Cynicism, of course, breeds further alienation and disgust, causing a downward spiral of disengagement from the process, leaving voting (and caring) to the true-believing wing-nuts who are certain they know the truth because they read or watch it at one of the ideologically-determined web sites or stations that conclusively confirms their prior held beliefs.

Exhibit A for the Death of Truth is Her Megness, eMeg Whitman herself.

Let's be clear: Krusty the General (Gandolf) Brown and his Merry Pranksters in Oakland are guilty of their own special brand of spin. But it's pretty much your normal, basic campaign (wink-wink) re-framing like you'd get from Gov. Schwarzmuscle, President Oybama or Golden Gate Feinstein.

Brown has failed to level with voters about how he'd deal with the state budget (we think he'd shift all the responsibility for services back to cities, counties school districts, with a local option to raise taxes, and get the locals off the state's books), among most other issues. But his guy Sterling Clifford has a point when he argues that "Meg Whitman is trying to paper over her lies and deceptions with dollar bills."

Indeed, when it comes to killing truth, eMeg is miles ahead in felony flip-floppery. The pro-Brown California Working Families tried to drive that point home last week with the release of an online ad titled "Lies." detailing just a few recent examples of Megspeak:

If a candidate changes his or her position from A to B, he or she can be accused of flip-flopping (or changing his or her mind). What makes the Whitman campaign's changes so special is that her paid mouthpieces are out there insisting that eMeg has NOT changed her position one iota. She's entirely consistent and not a rank opportunist, they argue.

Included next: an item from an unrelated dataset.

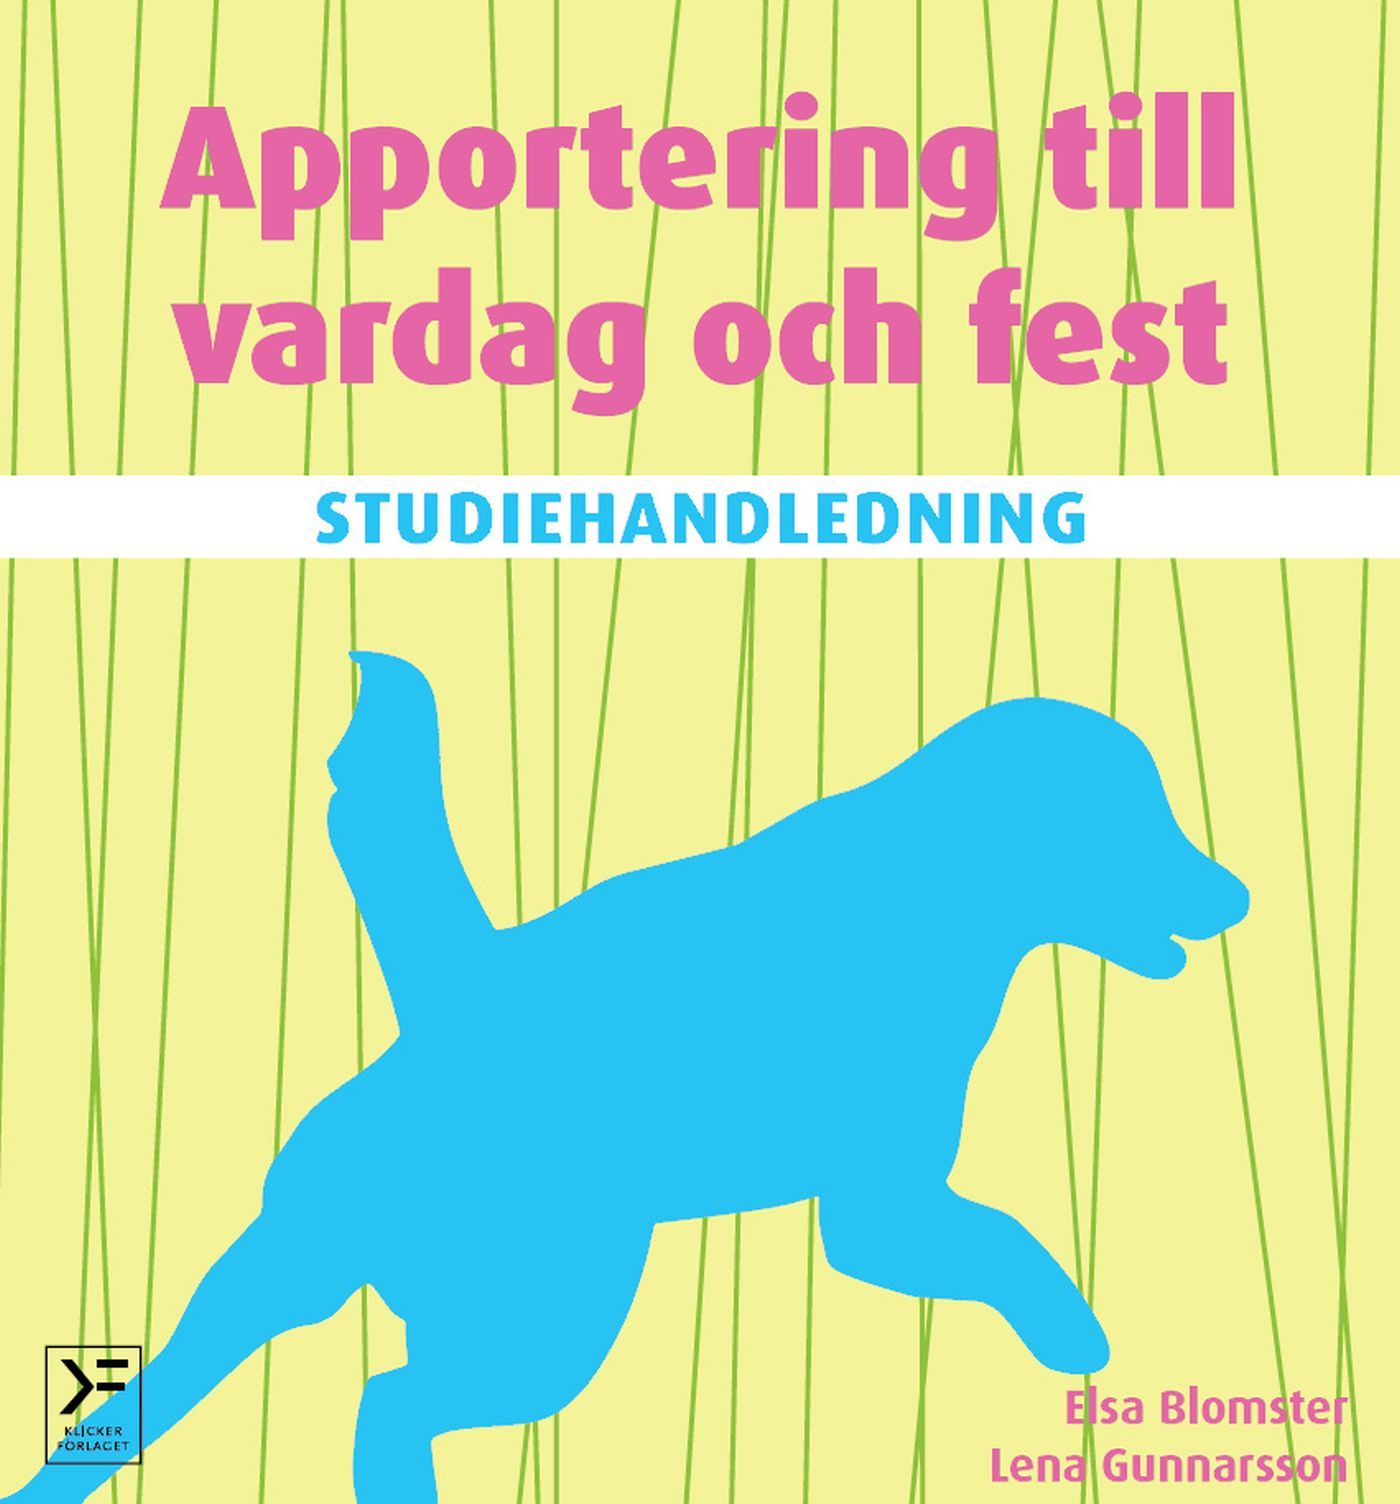 Studiehandledning Apportering till vardag och fest, e-bok av Elsa Blomster, Lena Gunnarsson
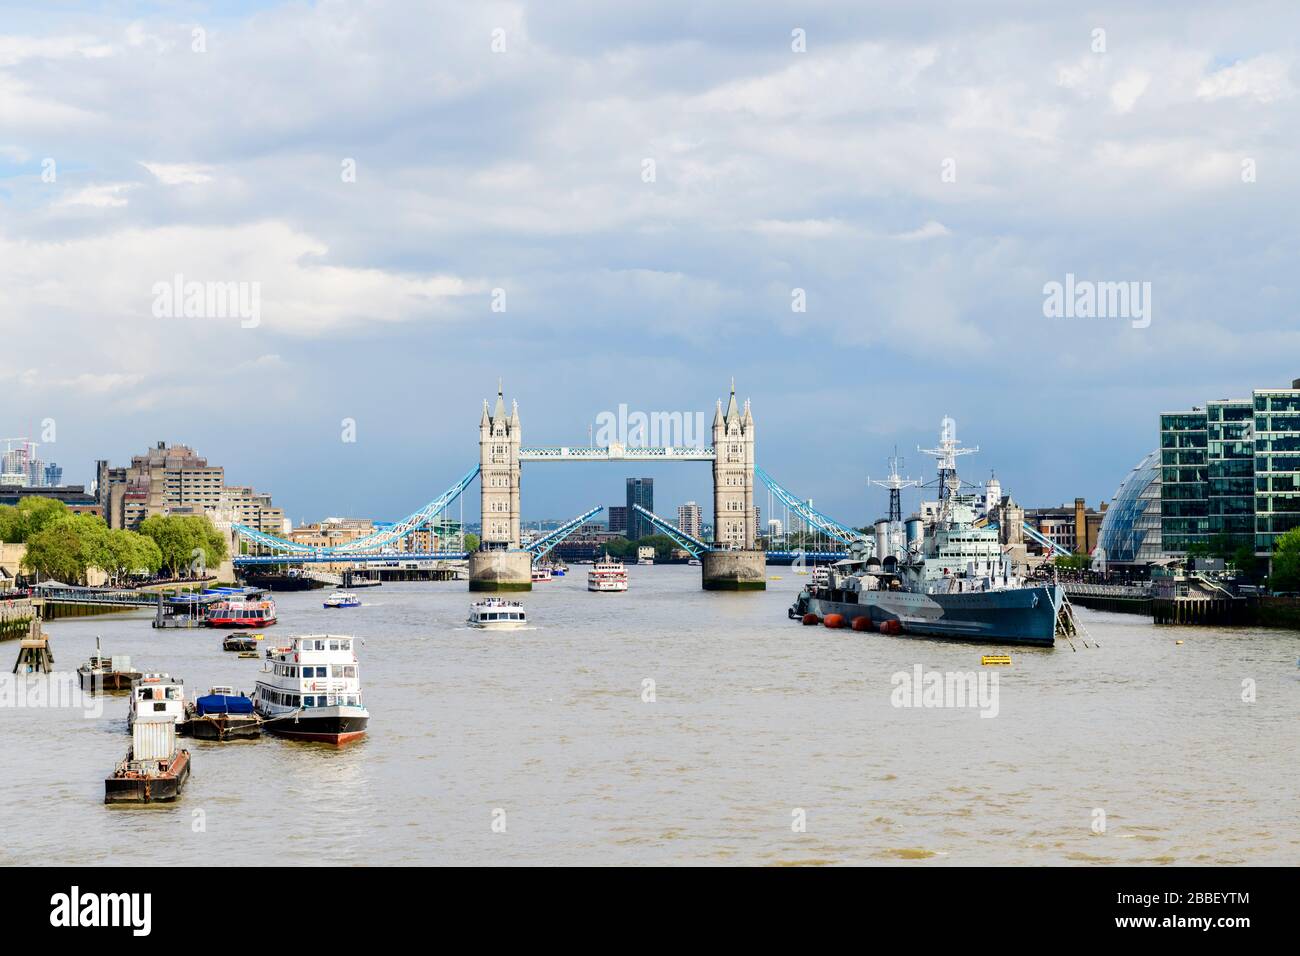 Die Tower Bridge öffnet für ein Kreuzfahrtschiff in London, England. Die "HMS Belfast" befindet sich auf der rechten Seite. Stockfoto

Calbuzz has been harping on this lack of truthiness by the Whitman camp for some time, and we've catalogued a partial list of prevarications. But where are the other non-partisan voices willing to hold Meg's feet to the fire? Why isn't every editorial page and columnist in the state thundering with indignation, instead of equating Brown's admittedly infuriating avoidance of staking clear positions on policy with Whitman's corporate style, black-is-white daily deceits and deceptions?

The beyond standard quantum limit nature of Whitman's spending so far has enabled her, like no California candidate in history, to take advantage of Calbuzzer Mark Twain's timeless dictum: "A lie can run around the world six times while the truth is still trying to put on its pants."

So far, eMeg has circled the globe several times, while the too-often-timid California media are still struggling in the dark to find their trousers.